I am wearing my childless anxiety like a heavy army coat in the height of summer. It’s making me sad and angry and ready to pick a fight with DH over those little foam bits you put on ipod earphones. Last night I found myself in a darkened room crying my eyes out and asking for my Mum. I should say that the darkened room was in my flat and that the only person lucky enough to hear my pleas was a desperate DH who, in the absence of my dear and pregnant friends, is bearing the brunt of my childless woes. We both agreed that it wasn’t healthy for me just to be talking to him, that I should be talking to my Mum, should be seeking solace in the blogosphere, should give my friends more credit, should probably get some professional help.

DH asked me what would help. I said things would definitely improve if I got pregnant. I also said it would help if we had a plan for me to leave my job because, along with the fact that I used to drink coffee from a Styrofoam cup, I’m convinced it’s the key reason I’m not pregnant.

My theory on the job has nothing to do with the cliché that is stress. Everyone has stress in their lives and if it were true that stress stopped you from getting pregnant then why, in our perennially stressed modern day society, does the birth rate continue to soar? Rather, my theory is to do with “capacity”. I counsel and advise people for a living, often in areas too psychologically dark and complicated for my level of expertise. I nurture and cajole and encourage people so they can move on and realise their dreams. My theory is that we are all born with a certain about of this nurturing, counselling energy and that I am using it all up on my clients; I think that my body is assuming that even if it did make a baby, there wouldn’t be enough of this nurturing energy left to sustain its life, so it’s inhibiting my reproductive signals… I didn’t say it was a Nobel Prize winning theory.

When I’m not theorizing about the childless anxiety, sometimes it drags me into a black cave where the walls reverberate with voices that tell me every decision I ever made was the wrong one – my career, city, timing – that I was arrogant and stupid and that now I’m being taught a lesson for daring to hope for a baby.
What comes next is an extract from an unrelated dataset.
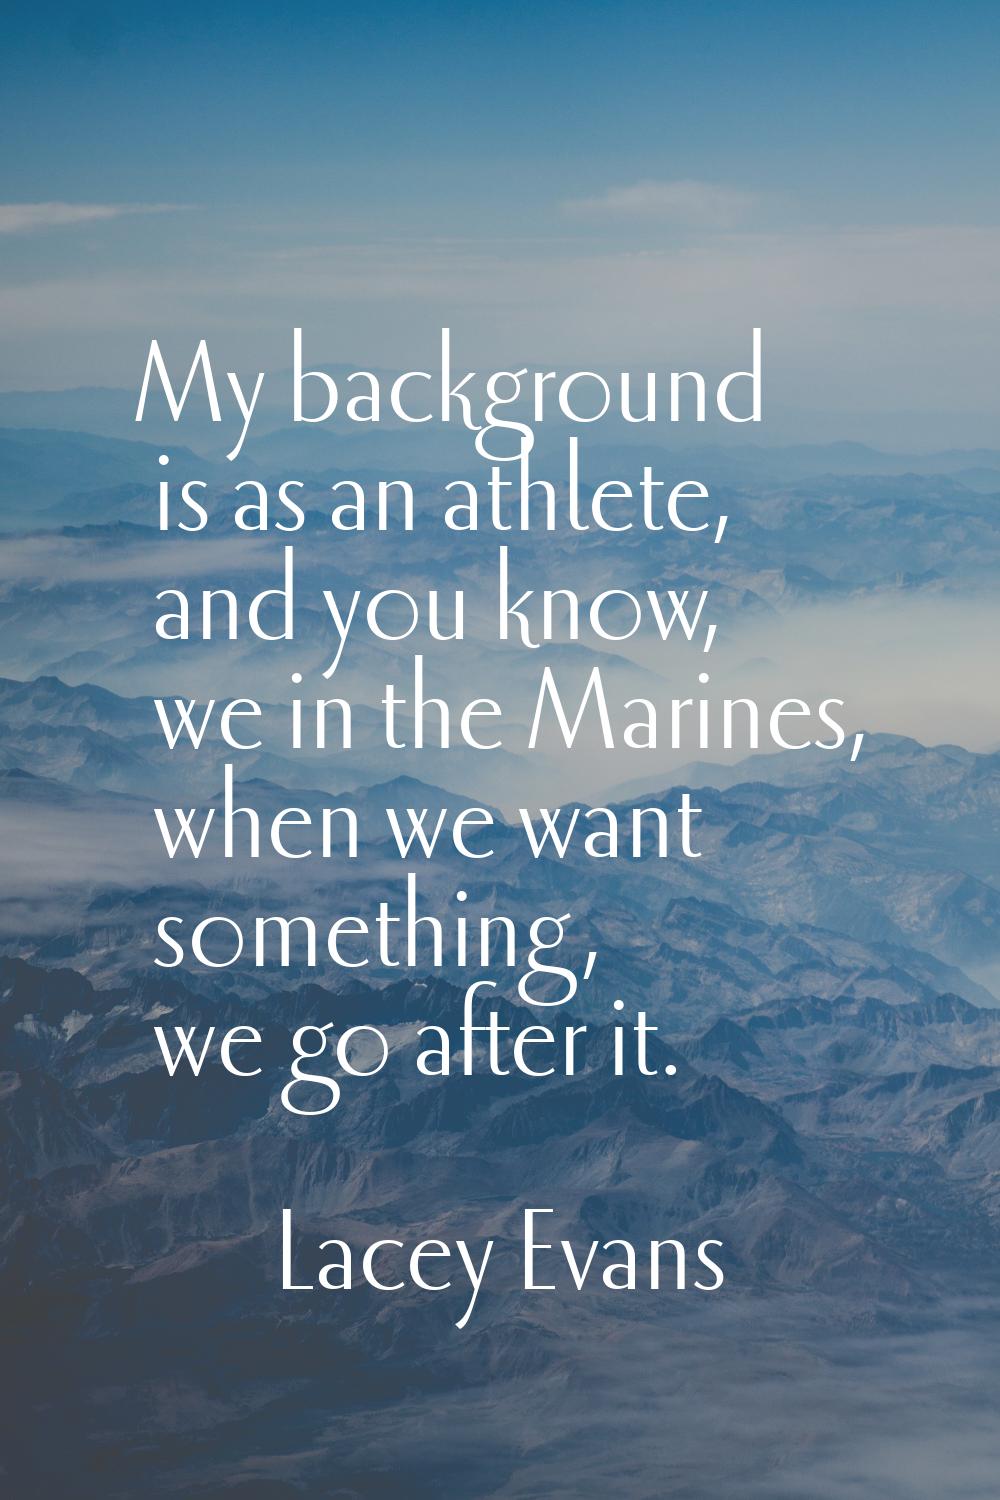 My background is as an athlete, and you know, we in the Marines, when we want something, we go afte

I’ve become convinced that this thing, this childless thing, is the big challenge I have to face in my life, and on the inside of that is an anxiety that this very conviction, that this very negative assumption, is actually the thing that’s stopping me from getting pregnant.

I like to think of my anxiety like a Russian Doll; open one and there’s another, staring blankly, painted brightly, screwed shut tightly.